Default handling of phrases
When searching for e.g. "understanding shadows in 3D scenes", DOAJ's web interface will return articles and journals which have metadata that contains *all* of the words "understanding", "shadows", "in" (may be ignored), "3D" and "scenes". In technical terms, the default query operator is AND. You can override it by sending us a query such as "understanding OR shadows". We find that the results returned by AND queries are much more relevant when looking for specific topics, where OR queries are best for exploring what is available, e.g. based loosely on the interests of your users.
Searching inside a specific field
When you are querying on a specific field you can use the json dot notation used by Elasticsearch, so for example to access the journal title of an article, you could use
bibjson.journal.title:"Journal of Science"
Note that all fields are analysed, which means that the above search does not look for the exact string "Journal of Science". To do that, add ".exact" to any string field (not date or number fields) to match the exact contents:
bibjson.journal.title.exact:"Journal of Science"
Special characters
All forward slash /
characters will be automatically escaped for you unless you escape them yourself. This means any forward slashes /
will become \/
which ends up encoded as %5C/
in a URL since a "naked" backslash \
is not allowed in a URL. So you can search for a DOI by giving the articles endpoint either of the following queries (they will give you the same results):
doi:10.3389/fpsyg.2013.00479 doi:10.3389%5C/fpsyg.2013.00479
Short field names
For convenience we also offer shorter field names for you to use when querying. Note that you cannot use the ".exact" notation mentioned above on these substitutions.
The substitutions for journals are as follows:
- title - search within the journal's title
- issn - the journal's issn
- publisher - the journal's publisher (not exact match)
- license - the exact licence
In addition, if you have a publisher account with the DOAJ, you may use the field "username" to query for your own publicly available journal records. Usernames are not available in the returned journal records, and no list of usernames is available to the public; you need to know your own username to use this field. You would include "username:myusername" in your search.
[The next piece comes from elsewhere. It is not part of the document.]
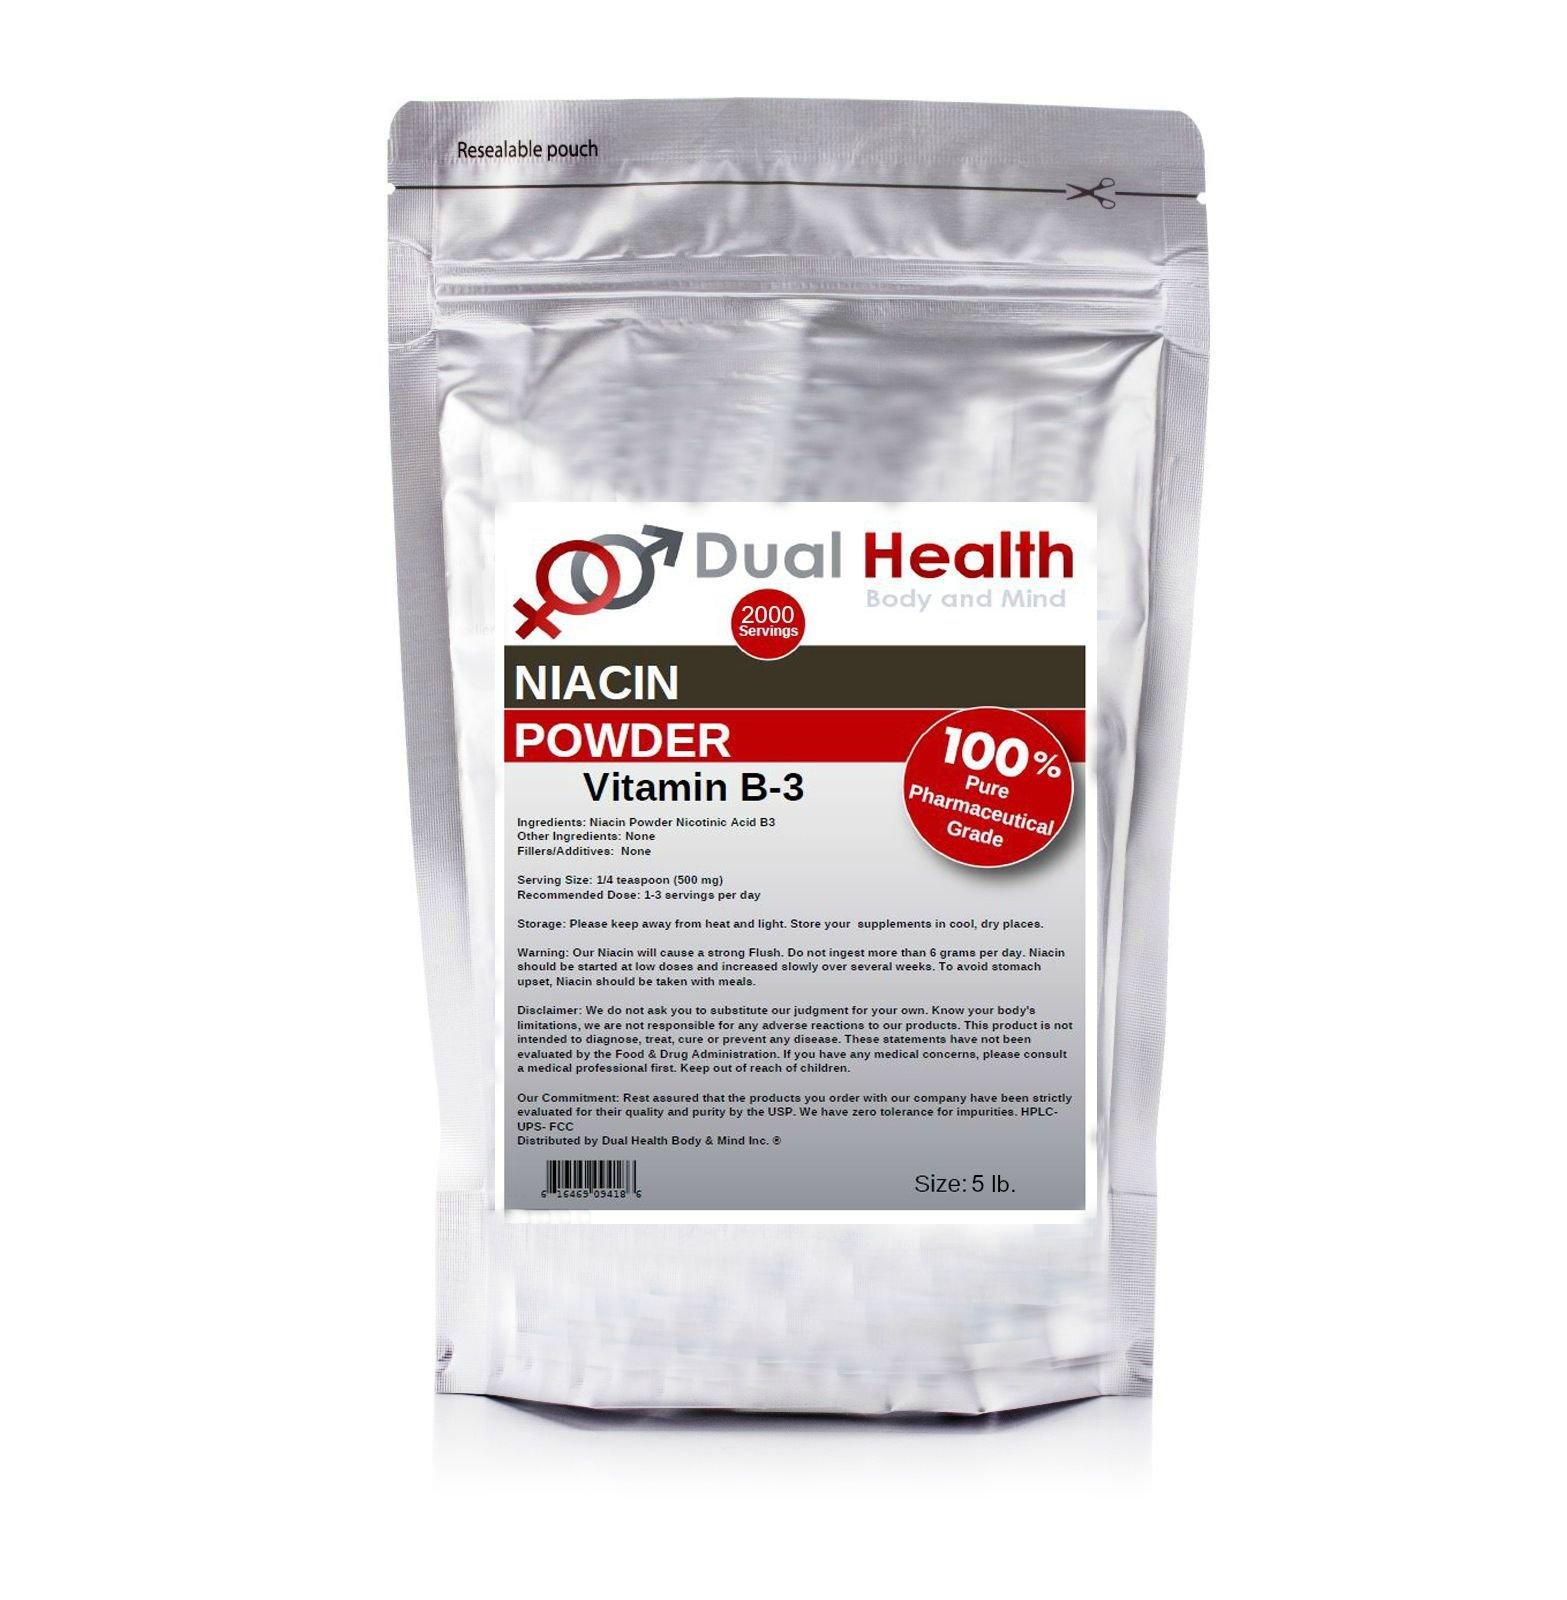 5 lb. Niacin Nicotinic Acid Powder (2.27kg) Vitamin B3 Lower Cholesterol Heart Health Pharmaceutical Micronized USP & FCC Food Grade By Dual Health

The substitutions for articles are as follows:
- title - search within the article title
- doi - the article's doi
- issn - the article's journal's issn
- publisher - the article's journal's publisher (not exact match)
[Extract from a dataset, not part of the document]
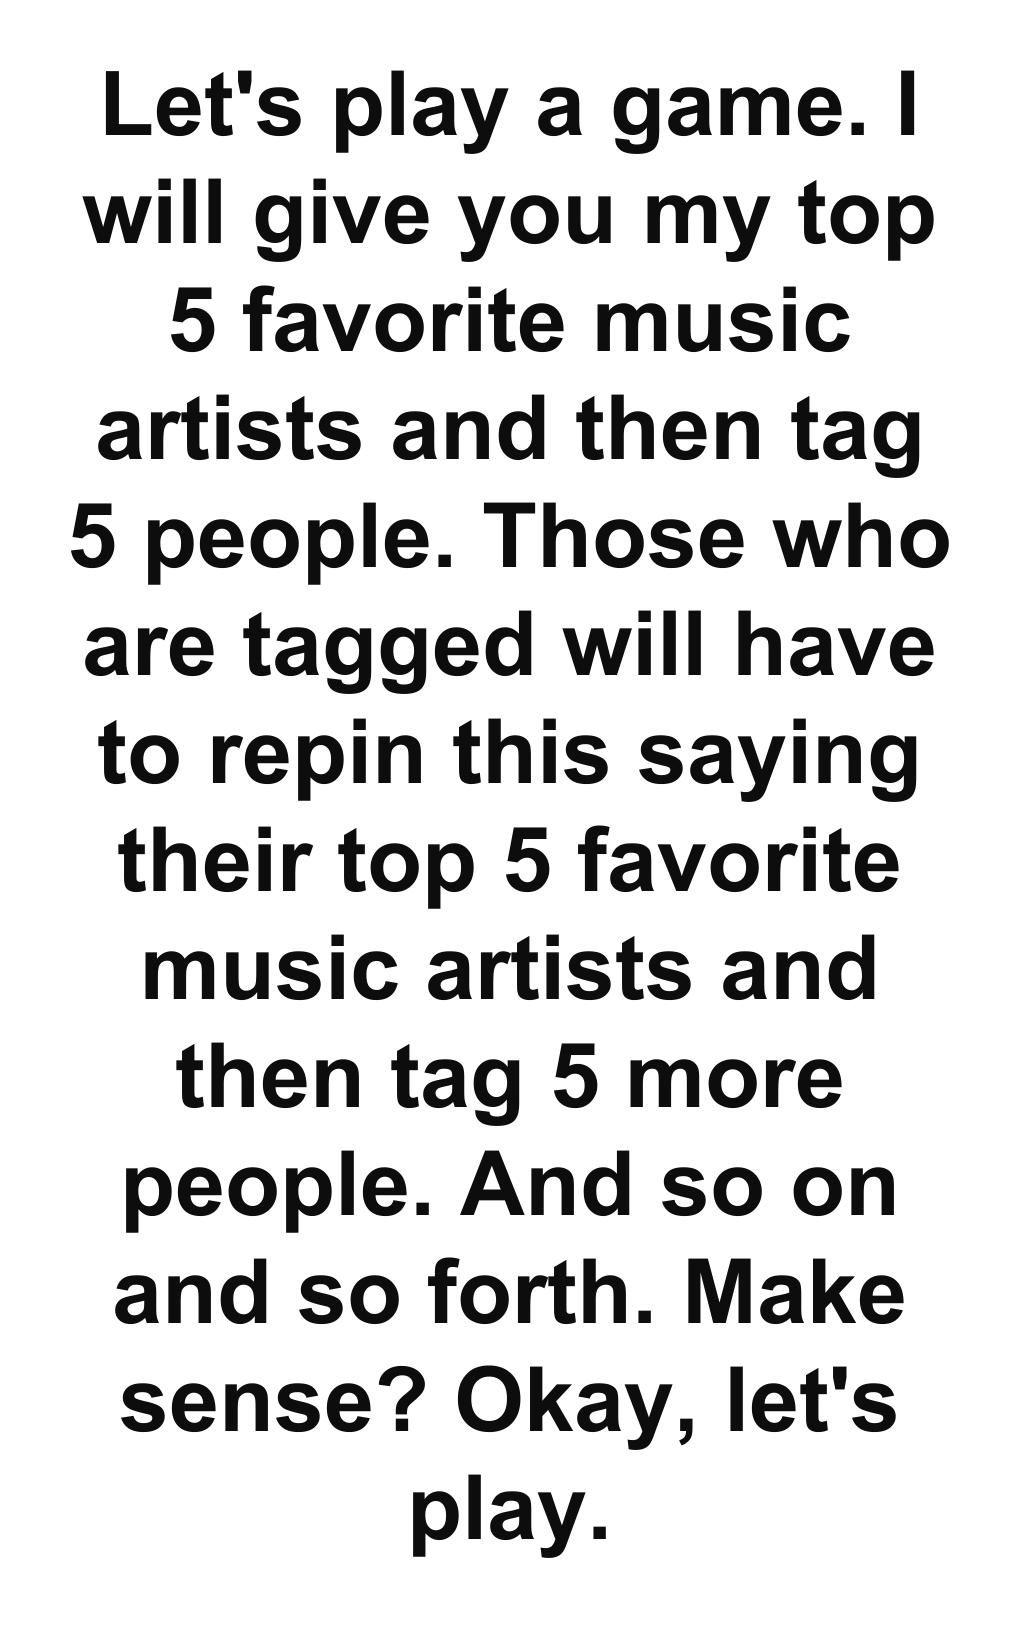 Imagine dragons, Taylor Swift, Ariana Grande, Pentatonix

- abstract - search within the article abstract
Sorting of results
Each request can take a "sort" url parameter, which can be of the form of one of:
sort=field sort=field:direction
The field again uses the dot notation.
If specifying the direction, it must be one of "asc" or "desc". If no direction is supplied then "asc" is used.
So for example
sort=bibjson.title sort=bibjson.title:desc
Note that for fields which may contain multiple values (i.e. arrays), the sort will use the "smallest" value in that field to sort by (depending on the definition of "smallest" for that field type)
The query string - advanced usage
The format of the query part of the URL is that of an Elasticsearch query string, as documented here: https://www.elastic.co/guide/en/elasticsearch/reference/1.4/query-dsl-query-string-query.html#query-string-syntax. Elasticsearch uses Lucene under the hood.
Some of the Elasticsearch query syntax has been disabled in order to prevent queries which may damage performance. The disabled features are:
Wildcard searches. You may not put a * into a query string: https://www.elastic.co/guide/en/elasticsearch/reference/1.4/query-dsl-query-string-query.html#_wildcards
Regular expression searches. You may not put an expression between two forward slashes
/regex/
into a query string: https://www.elastic.co/guide/en/elasticsearch/reference/1.4/query-dsl-query-string-query.html#_regular_expressions. This is done both for performance reasons and because of the escaping of forward slashes/
described above.Fuzzy Searches. You may not use the ~ notation: https://www.elastic.co/guide/en/elasticsearch/reference/1.4/query-dsl-query-string-query.html#_fuzziness
Proximity Searches. https://www.elastic.co/guide/en/elasticsearch/reference/1.4/query-dsl-query-string-query.html#_proximity_searches
CRUD API
Creating articles
If you try to create an article with a DOI or a full-text URL as another one of the articles associated with your account, then system will detect this as a duplicate. It will overwrite the old article we have with the new data you're supplying via the CRUD Article Create endpoint. It works in the same way as submitting article metadata to DOAJ via XML upload or manual entry with your publisher user account.